1.2 Sourcing and Modifying the Optical Module

  1. Search for "AR glasses optical engine" or "prism OLED" on second-hand marketplaces to purchase a used module
  2. Remove the original LCOS (no open-source driver available), keeping the lens and semi-transparent reflective coating
  3. Ensure the internal space of the module can accommodate the ECX335AF screen

1.3 Screen Installation

  1. Install the ECX335AF OLED screen into the lower part of the optical module, strictly aligning it with the lens imaging center
  2. Install the ECX335 driver board in the upper compartment
  3. Connect the FPC cable (handle with care to avoid excessive bending)
  4. Fix with AB glue, ensuring precise screen-to-lens distance (affects focus)
Warning: The FPC cable bend radius must not be less than 5mm, otherwise signal lines may break, causing display anomalies.
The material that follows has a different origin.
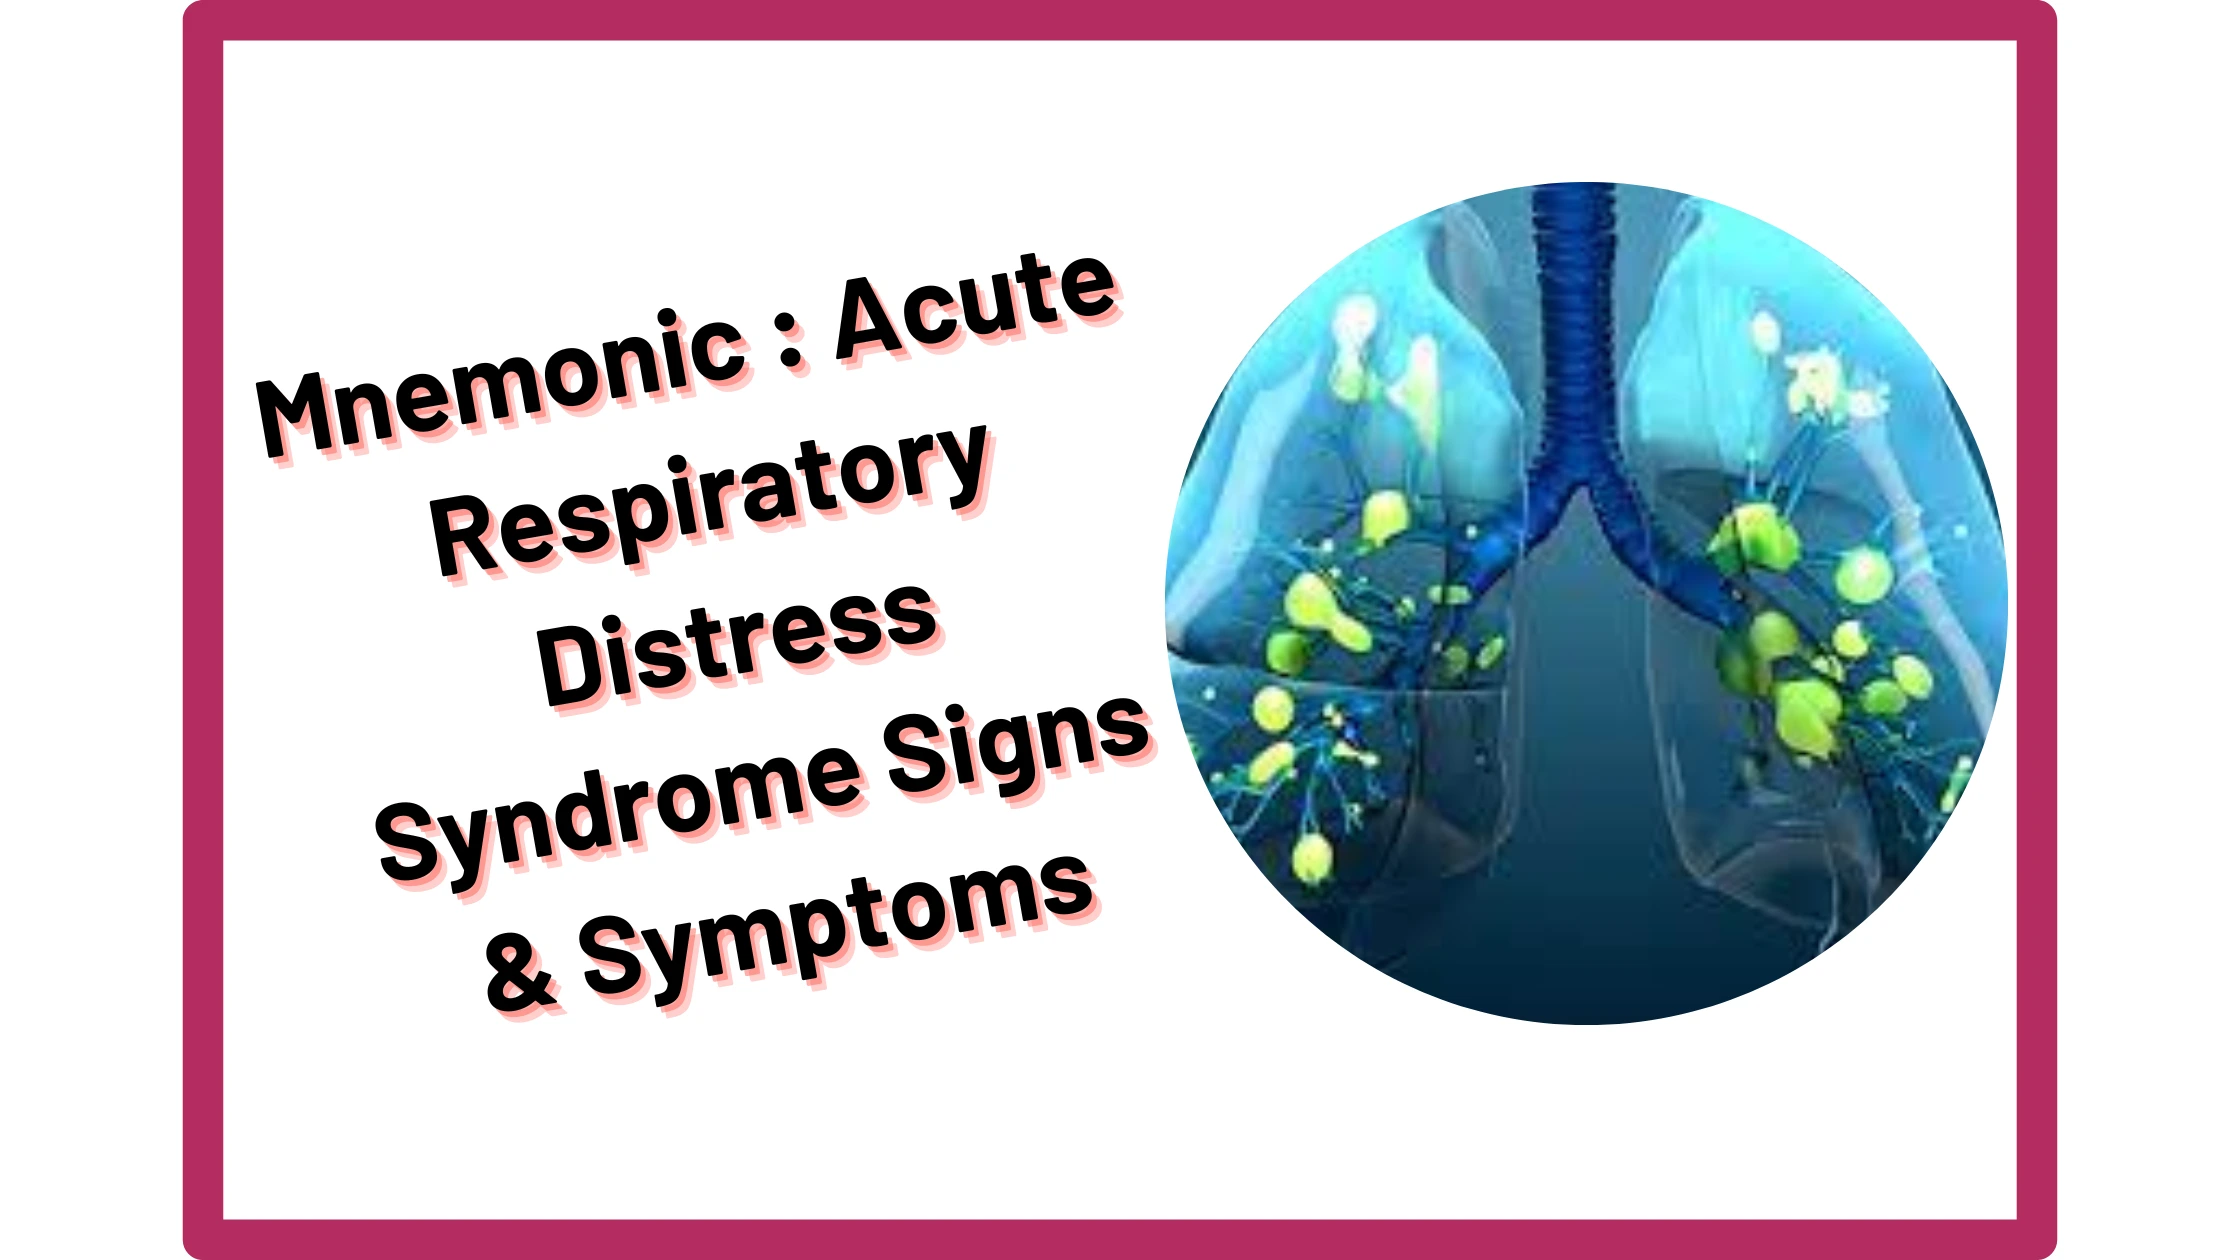 You are currently viewing [Very Cool] Mnemonic : Acute Respiratory Distress Syndrome Signs & Symptoms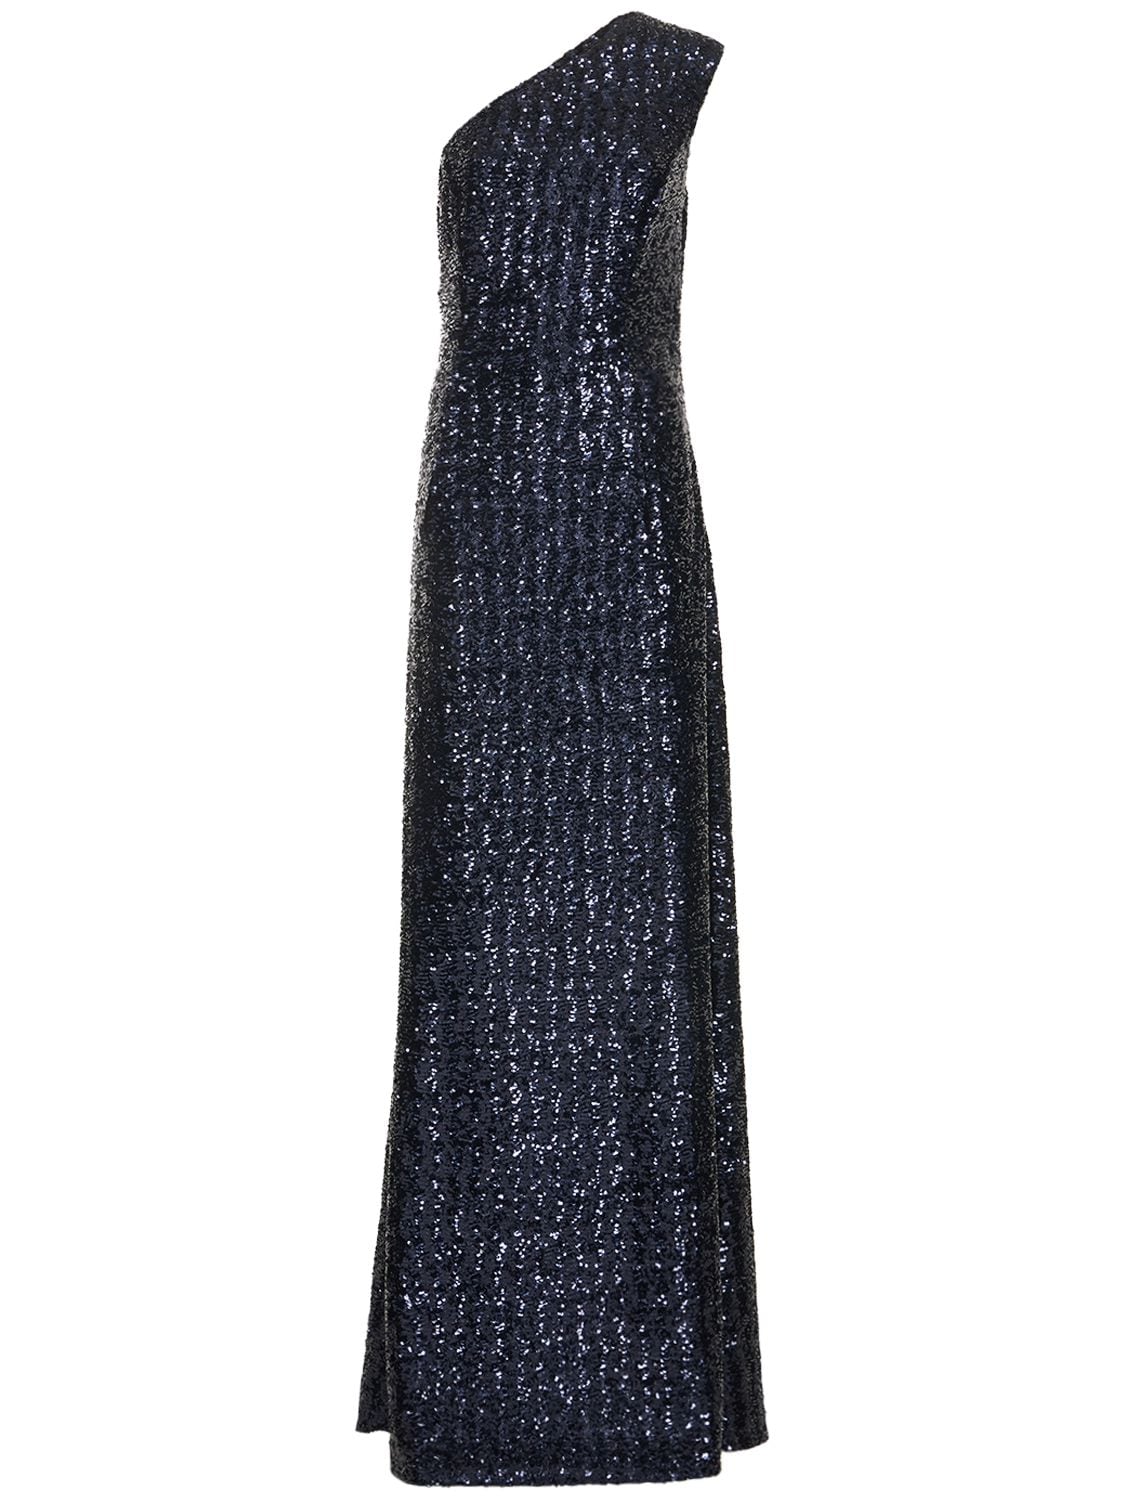 MICHAEL KORS COLLECTION Sequined Jersey One Shoulder Dress

1.4 Expected Display Performance

  1. Resolution: 1920×1080
  2. In-eye brightness: ~300 nit
  3. FOV: ~30°-40°
  4. Weight: Optical module ~40g, total target <100g


ESP-Claw Board Preparation & Firmware Flashing

2.1 ESP-Claw Core Features

ESP-Claw is the key to this project. Its core advantages include:

  1. Dual-core processor + image processing accelerator — Supports local AI inference
  2. MIPI/DVP camera interface — Directly connects to camera modules
  3. WiFi 6 + BLE 5.3 — Seamless access to cloud large models
  4. LCD/MIPI display interface — Can drive display panels
  5. Low-power design — Suitable for battery-powered applications
  6. Mature ESP ecosystem — Arduino/ESP-IDF development with abundant resources

2.2 Development Environment Setup

Arduino IDE Method (Recommended for Beginners):

  1. Install Arduino IDE 2.0+
  2. Add ESP32 board URL: https://espressif.github.io/arduino-esp32/package_esp32_dev_index.json
  3. Search and install "ESP32" support package in the Board Manager
  4. Select the correct board model and port

ESP-IDF Method (Recommended for Advanced Users):

git clone https://github.com/espressif/esp-idf.git
cd esp-idf
./install.sh esp32s3
. ./export.sh

2.3 Firmware Flashing

  1. Connect the ESP-Claw dev board to your computer (USB-UART)
  2. Open a sample program to verify camera and display functions
  3. Compile and upload
// ESP-Claw key configuration example
#define CAMERA_MODEL_ESP_CLAW
#define PWDN_GPIO_NUM -1
#define RESET_GPIO_NUM -1
#define XCLK_GPIO_NUM 15
#define SIOD_GPIO_NUM 4 // SDA
#define SIOC_GPIO_NUM 5 // SCL
// ... configure pins according to specific board model
  1. Open the Serial Monitor and confirm successful initialization
Tip: First-time flashing may require holding the BOOT button while pressing RESET to enter download mode. Some boards have integrated auto-download circuits and do not require manual operation.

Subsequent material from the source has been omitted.